Most folk would rather pay a few bucks for a large ceramic fruit bowl made overseas than a timber handmade bowl from here and there is probably a good reason.
Back in the mid nineties I found that the market for large bowls was very healthy when selling through a gallery. Today it seems to be bleak. I think the mark ups/commission has a lot to do with this as every gallery I use has a 100% (doubles the price) mark up on everything whether it is on consignment or not and it was not that severe in the 90's. This makes sales very difficult.
Talking to the couple of guys who sell largish and nicely made bowls at the Salamanca market they say they can't make them quick enough to keep up with demand. They do not have to pay gallery commission but they do have to pay to have their market stall plus they have to front up every Saturday, all day, rain, hail, frost, or shine.

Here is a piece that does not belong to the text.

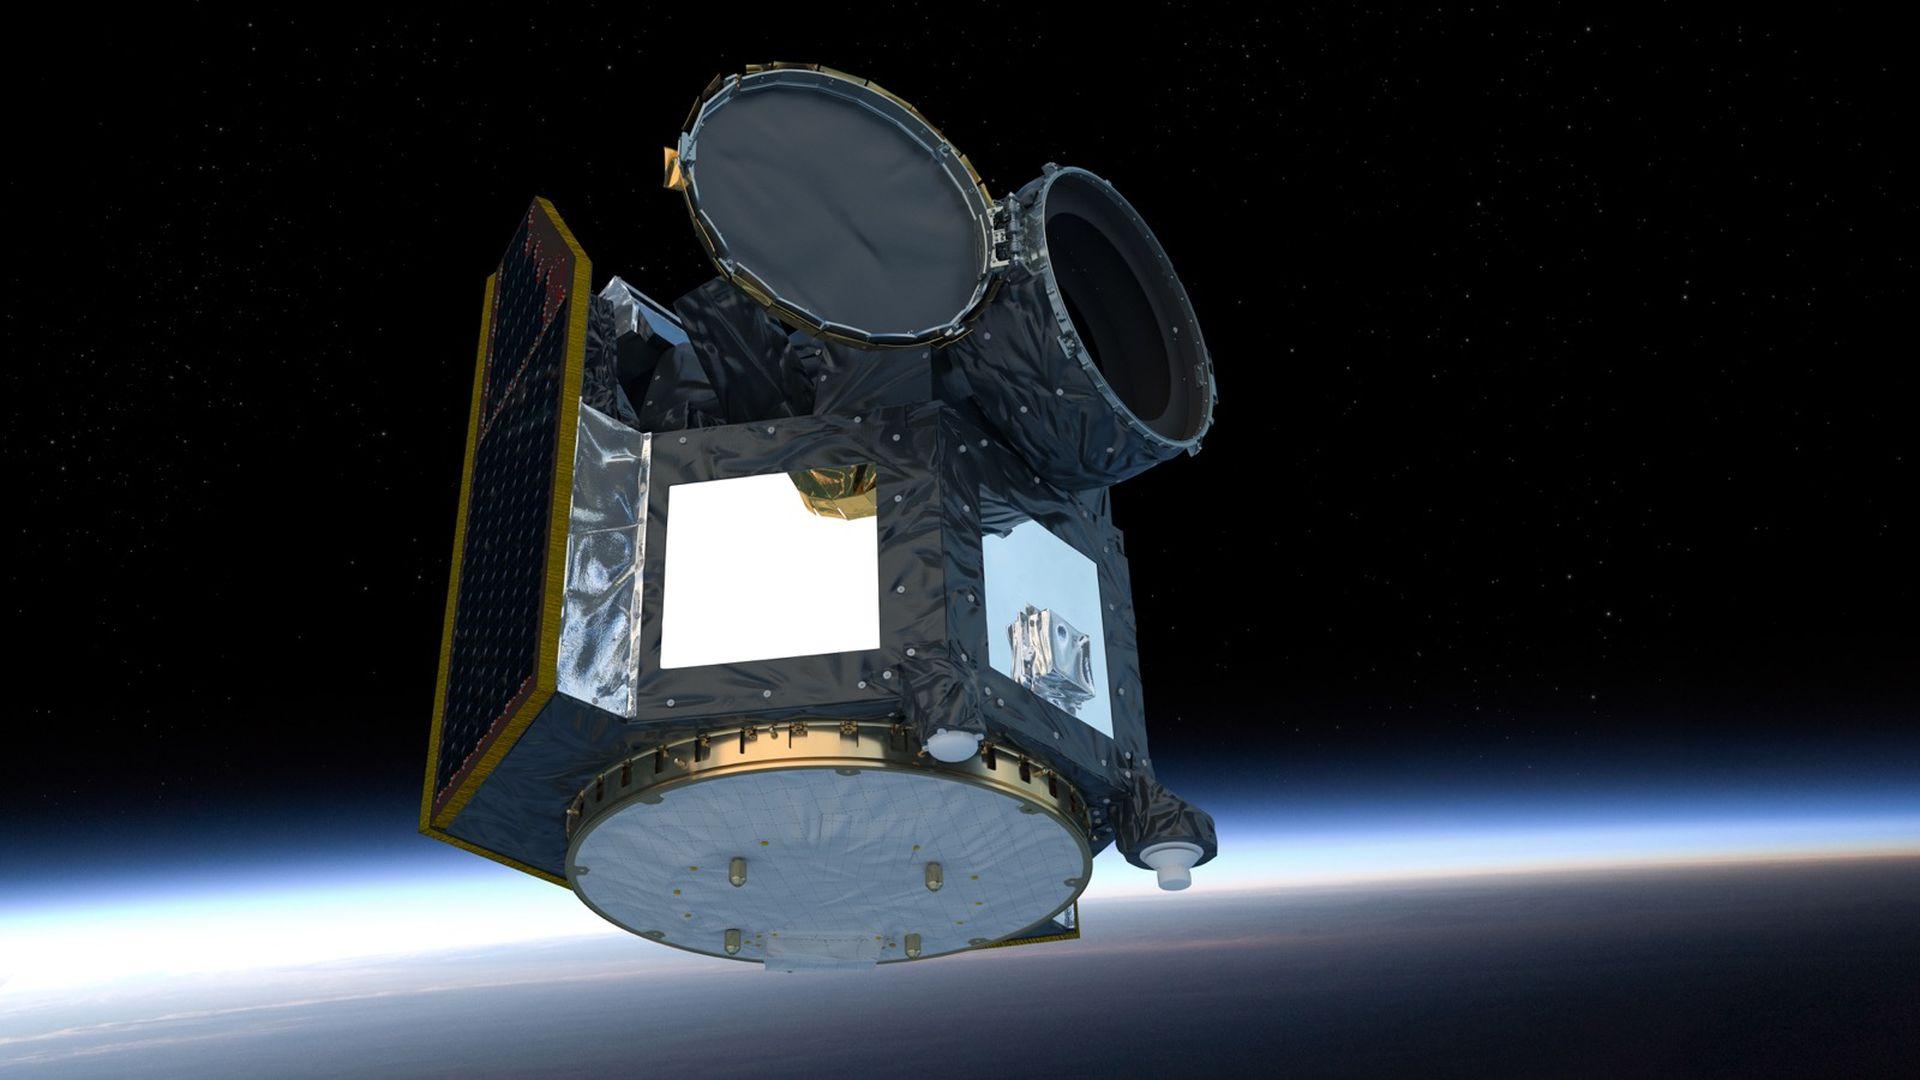 Artist's illustration of the Cheops spacecraft in orbit

I still think there is a lot of interest in turning though. At a recent sale of wood turning gear that was advertised by a retiring turner in Hobart I was surprised by how many people were attending hoping to snag a bargain.
It has probably become more difficult these days to make anything like a living out of turning but the fact remains it is still a fun thing to do and some people will always be interested in it whether there a big turning shows/competitions or not.